Korban penipuan di ATM mata uang kripto di New Hampshire dapat memperoleh penggantian jika mereka melaporkan penipuan tersebut dalam waktu 14 hari berdasarkan undang-undang yang disetujui Senat pada hari Kamis. Bipartisan peraturan perundang-undangan bertujuan untuk membendung peningkatan penipuan mata uang kripto yang merugikan Granite Staters $22 juta pada tahun 2024.
Penipuan kripto terjadi seperti kebanyakan penipuan keuangan, kecuali penipu membujuk korbannya untuk menyetor uang tunai ke ATM mata uang kripto. Setelah ATM mengubah uang menjadi mata uang kripto, akan sangat sulit untuk dilacak dan diperoleh kembali.
Kepala polisi Hampton mengatakan kepada anggota parlemen bahwa lebih dari $2,6 juta hilang karena penipu di kotanya pada tahun 2024. Usia rata-rata korban adalah 66 tahun.

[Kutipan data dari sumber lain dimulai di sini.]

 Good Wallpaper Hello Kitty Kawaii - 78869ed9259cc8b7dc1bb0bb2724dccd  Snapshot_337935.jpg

Senator Virginia Birdsell, seorang anggota Partai Republik di Hampstead, mendesak rekan-rekannya untuk mengesahkan undang-undang tersebut di Senat pada hari Kamis.

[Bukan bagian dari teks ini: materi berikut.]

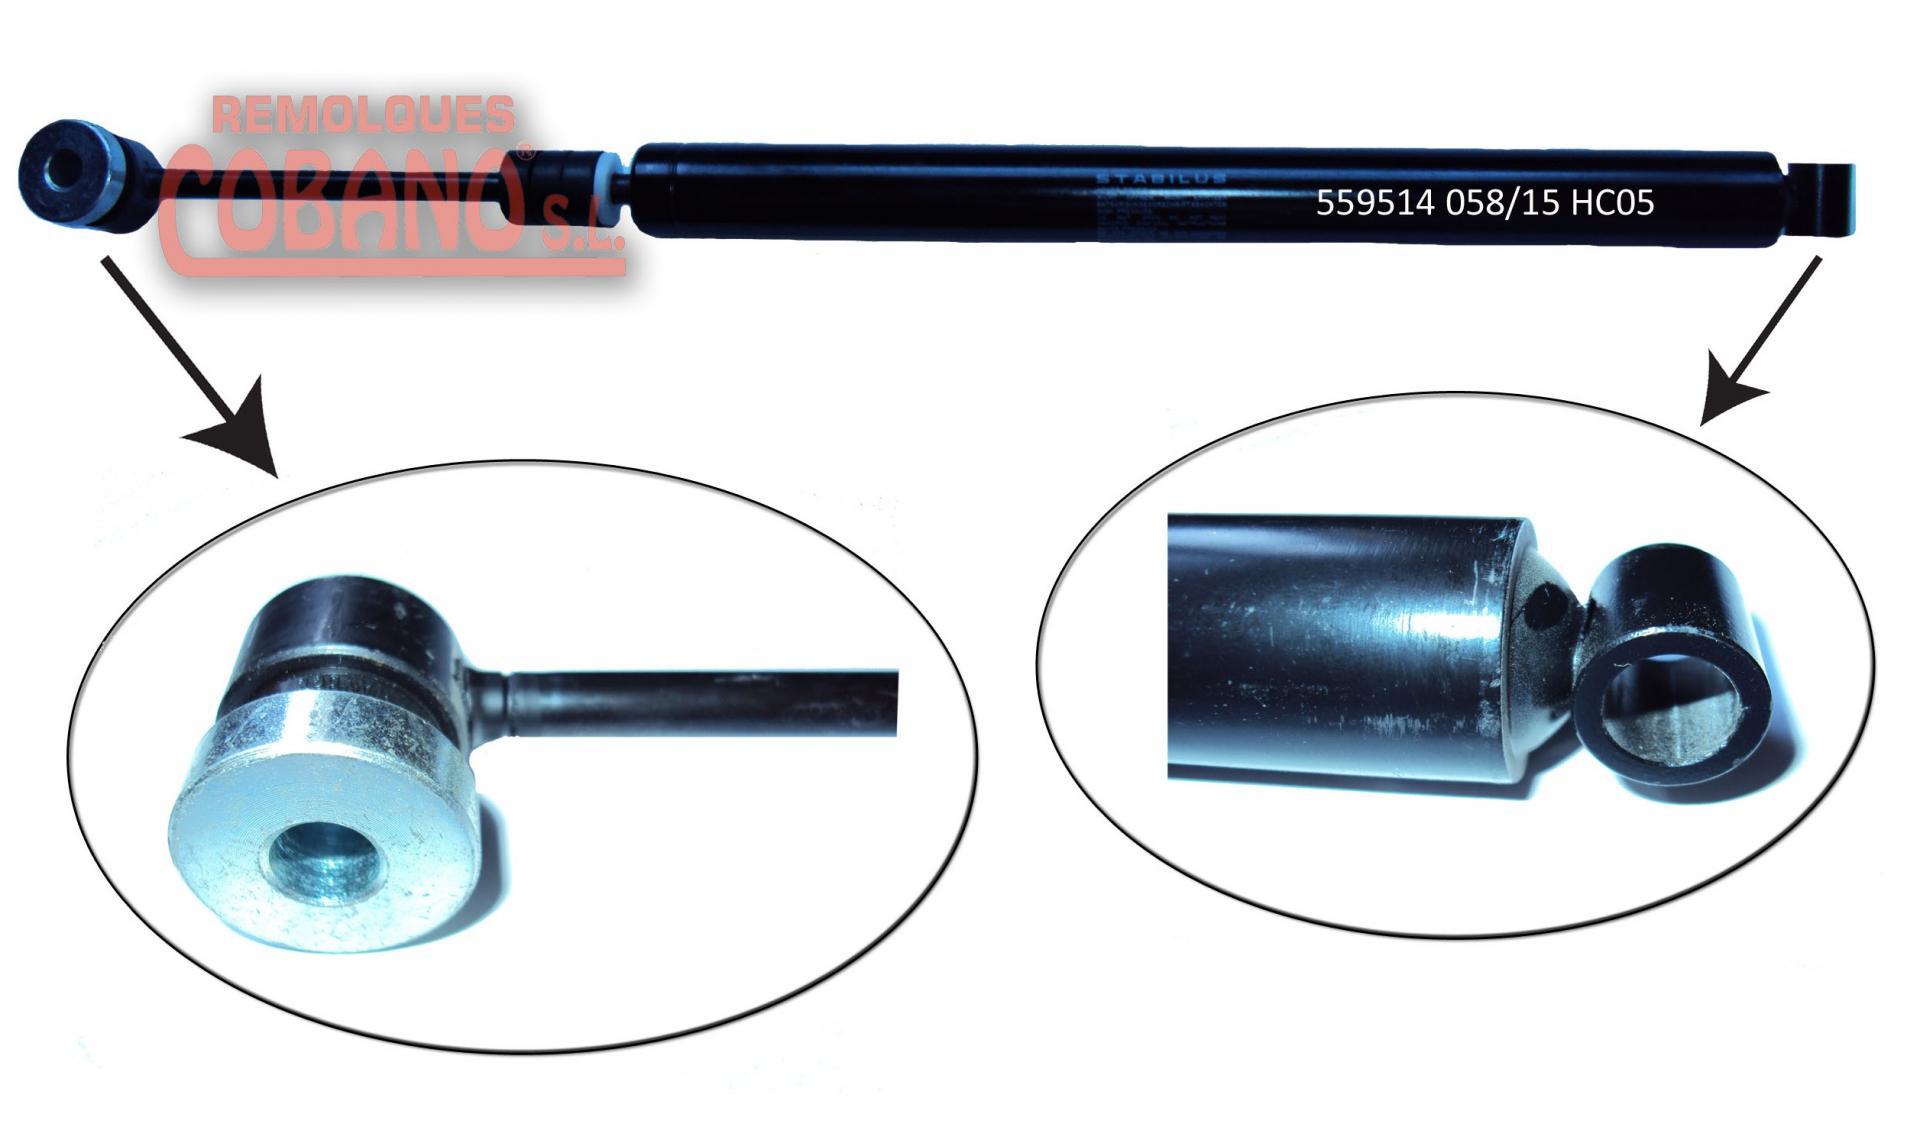 AMORTIGUADOR STABILUS (AXF) 650 / 1000 KG

“Ini menjadi momok bagi para lansia kita,” katanya.
Berdasarkan RUU tersebut, operator ATM mata uang kripto harus menahan setoran pertama seseorang selama 48 jam untuk memberi mereka waktu membatalkannya jika mereka mendeteksi penipuan. Operator tidak dapat menerima lebih dari $2.000 per hari dari seseorang. Dan operator harus mengembalikan uang korban penipuan jika korban melaporkan penipuan kepada operator dan pihak berwenang dalam waktu 14 hari.

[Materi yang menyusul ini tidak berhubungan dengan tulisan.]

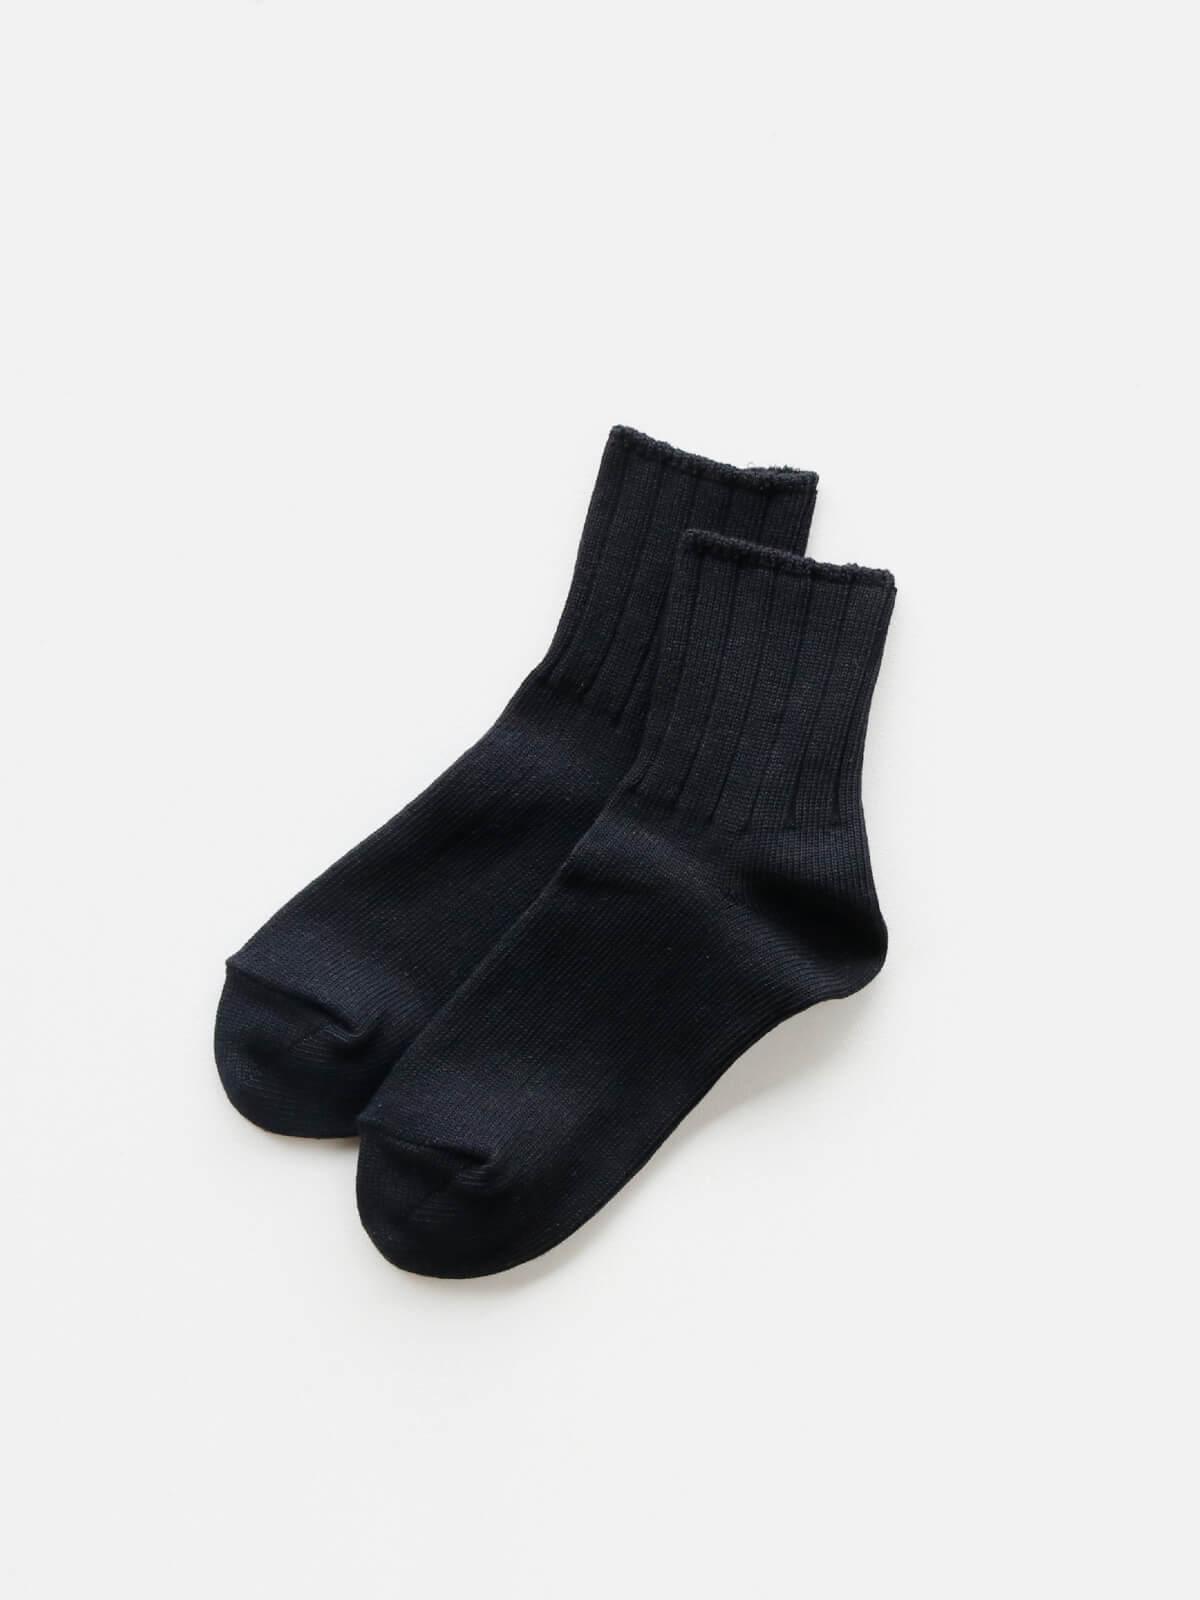 当たりつきギフト専用靴下のLUCKY SOCKS(ラッキーソックス)のSmooth Ankle Socks(スムースアンクルソックス)のブラック_2

Hampir 25 negara bagian lain memiliki undang-undang serupa, meskipun banyak yang mengizinkan korban untuk didanai dalam waktu 90 hari setelah setoran.
Massachusetts adalah menggugat operator ATM kriptoBitcoin Depot, karena diduga mengizinkan penjahat menipu korbannya dengan mesinnya. Maine mencapai a penyelesaian $1,9 juta dengan operator yang sama tahun ini dan memberi korban waktu hingga Rabu untuk mengajukan klaim.
RUU New Hampshire akan segera diajukan ke DPR.